I'm not in the UK though, and importation of Meph is already banned here. I shall have to create a storage dump in the UK! :)
 
They'll be able to make it controlled as quick as that???

theoretically they could control it in a few weeks as the modification orders to the 1971 MODA are just statutory instruments and don't have to be debated. the SI is merely tabled, literally put on a table in the lobby for a week if MP's want to debate it they can, but if they don't after a week or so it becomes law.

I suspect without King on the ACMD they are going to be slow, King wrote the spice analog stuff, they will need something similar for the beta ketones, but there is currently no one on the ACMD at the moment with any aptitude for this kind of thing.

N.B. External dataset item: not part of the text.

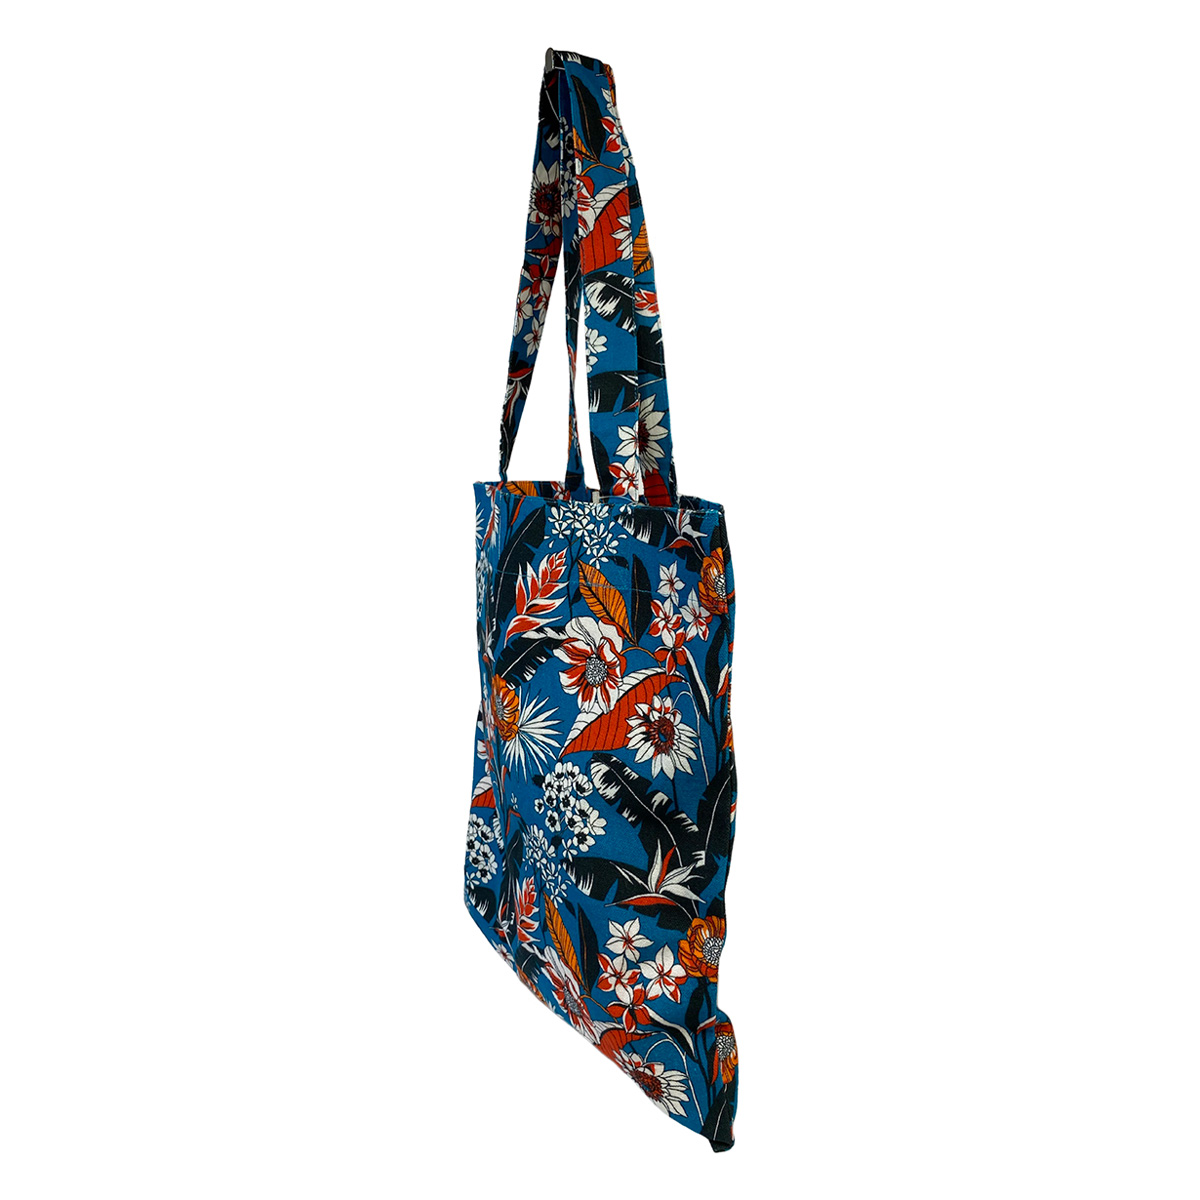 Standard Tote in Blue Botanical – Collective Heart

simply controlling mephedrone will just cause a switch to flephedrone or similar cathinones. they need a paragraph something like " anything structurally derived from a controlled phenethylamine or alpha alkylphenethylamine by substitution at the benzylic position with oxygen, not including the following....." that is game over for the cathinones.
 
simply controlling mephedrone will just cause a switch to flephedrone or similar cathinones. they need a paragraph something like " anything structurally derived from a controlled phenethylamine or alpha alkylphenethylamine by substitution at the benzylic position with oxygen, not including the following....." that is game over for the cathinones.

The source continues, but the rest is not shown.